Генеральный писарь Выговский, торопливо смахнув рукавом пот со лба, продолжил чтение:

– «…Подумай, ведь и куда более славным и известным мужам случалось терпеть поношения, неправедные суды, великие обиды и несправедливости… И что же? Разве винили они в бедах своих отчизну, разве призывали на борьбу с ней ее злейших врагов, разве терзали родную землю, заливая ее кровью? Ведь ты христианин, той же святой грецкой веры, что и я…»

Тяжкий вздох прокатился по гетманской горнице. Слова пана сенатора тронули присутствующих. Кто-то попробовал было грозно рыкнуть, кто-то глумливо усмехнулся, но большинство смущенно потупили взгляд.

– Дальше, дальше, Иване! – потребовал Хмельницкий, голос которого как-то странно дрогнул.

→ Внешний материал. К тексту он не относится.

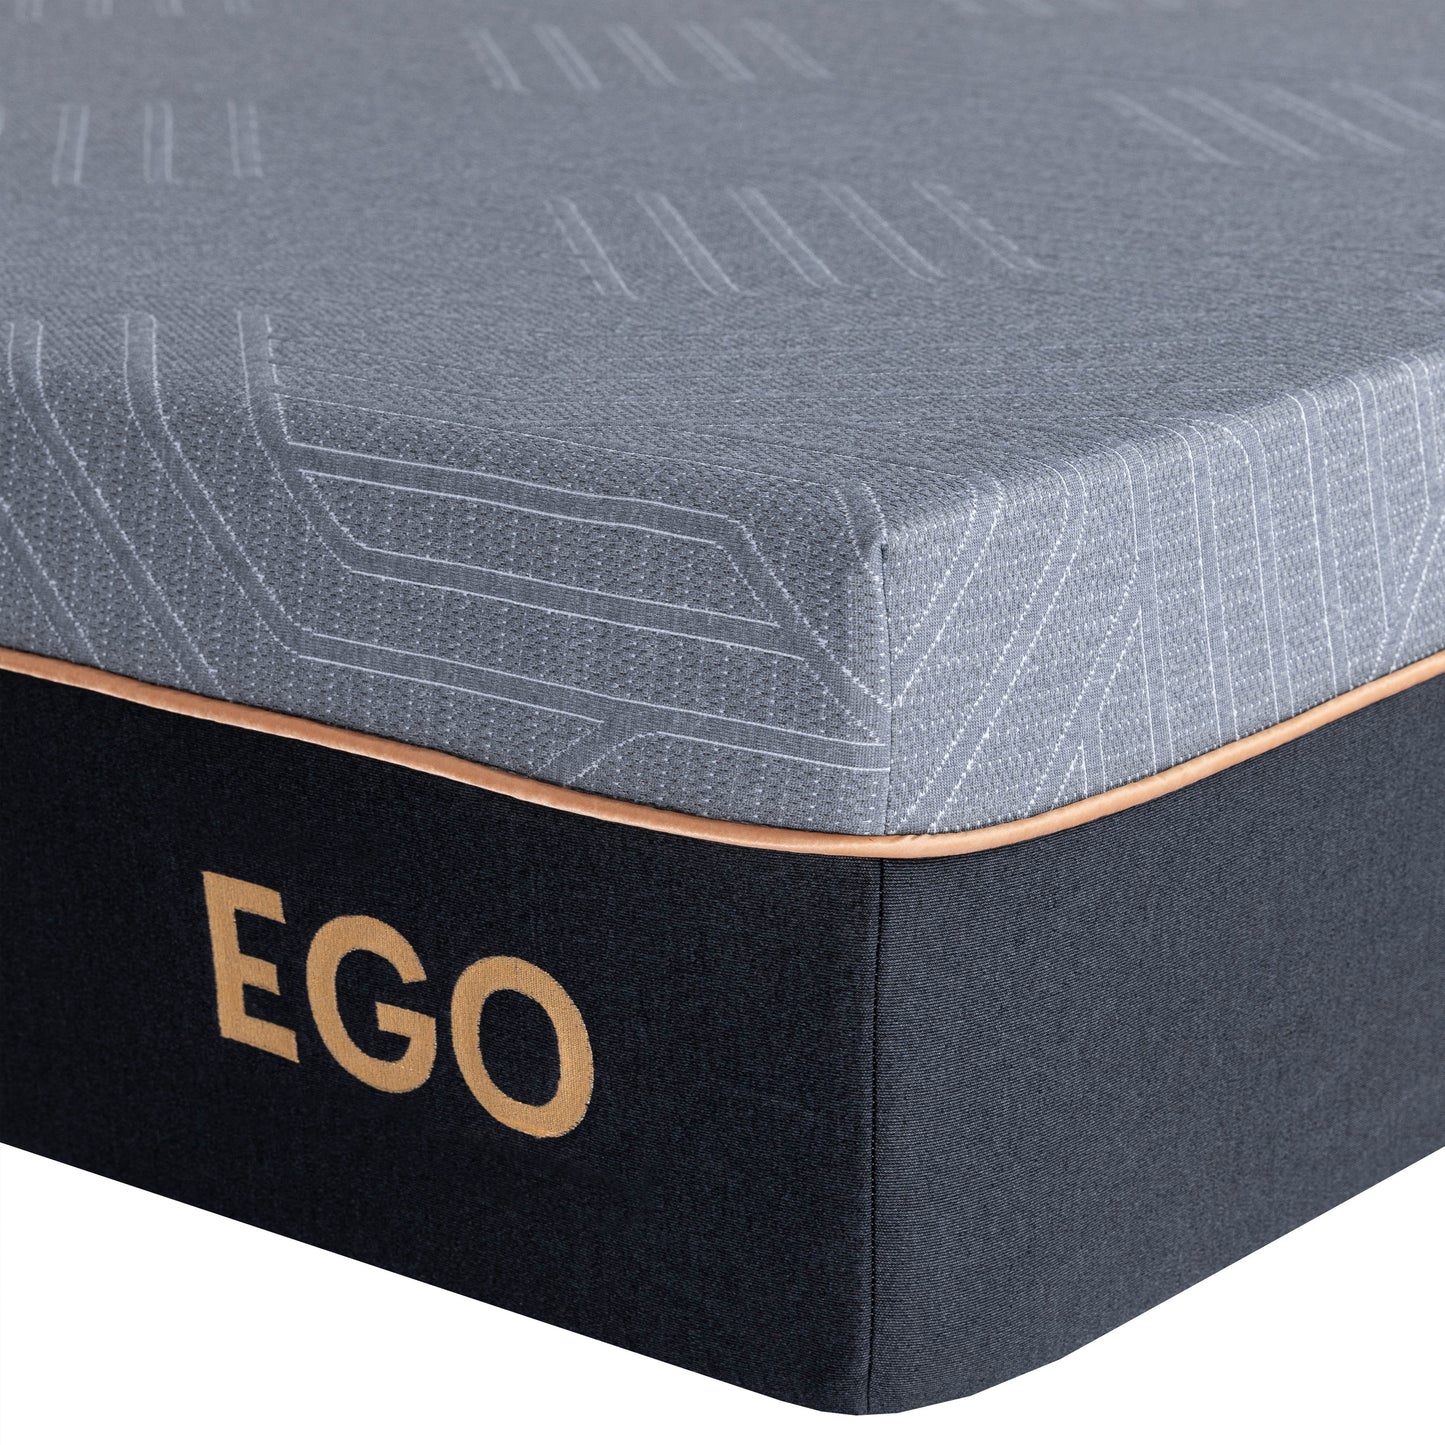 EGO Black Mattress with Graphene Technology 12"

– «…А первейший долг христианина – верить, что все в мире происходит только по воле Его. И Он же, страдавший на кресте за весь род людской, каждого наградит и каждому воздаст. Коль случается так, что достойный терпит муки и незаслуженные обиды – значит, в том есть какой-то Божий промысел, недоступный пониманию смертных. Ибо пути Господни неисповедимы. Подумай об этом, пане, обратись мыслями к Нему в смиренных молитвах, и сам тогда увидишь и поймешь, что избрал неверный путь, позволив обиде и гневу затмить свой разум!»

Гетман, помрачнев, подпер кулаком подбородок. Выговский, опасливо покосившись на него, после чуть затянувшейся паузы продолжил:

– «…Да, в отечестве нашем, к великому сожалению, многое скверно. Многое надобно менять и улучшать. Но не таким же способом, который ты избрал, разжигая повсюду нетерпимую вражду, возбуждая дикие инстинкты неразумной черни и проливая кровь христианскую! Подумай и вот о чем: разъярить чернь легко, а успокоить – неизмеримо труднее. Ты рассылаешь повсюду универсалы, призывая ее к неповиновению панам своим, пуще того – к их истреблению, а что будешь с нею делать после? Как приведешь к повиновению?»

– Истинно, истинно так! – выкрикнул вдруг Мартын Небаба. – Хорошо говорит пан воевода! Поспольство будто обезумело…

– Не перебивай, Мартыне! – сверкнул глазами Хмельницкий. – Дай дослушать! – И кивнул генеральному писарю: не задерживай, мол.

Тот, переведя дух, торопливо зачастил:

– «…Если дикий зверь попробует вкус человечины, он так и будет упорно нападать на людей, пока его не убьют. Точно так же и тебе придется восстанавливать порядок и спокойствие ужасными мерами, пролив новые потоки крови, поистине подобные рекам.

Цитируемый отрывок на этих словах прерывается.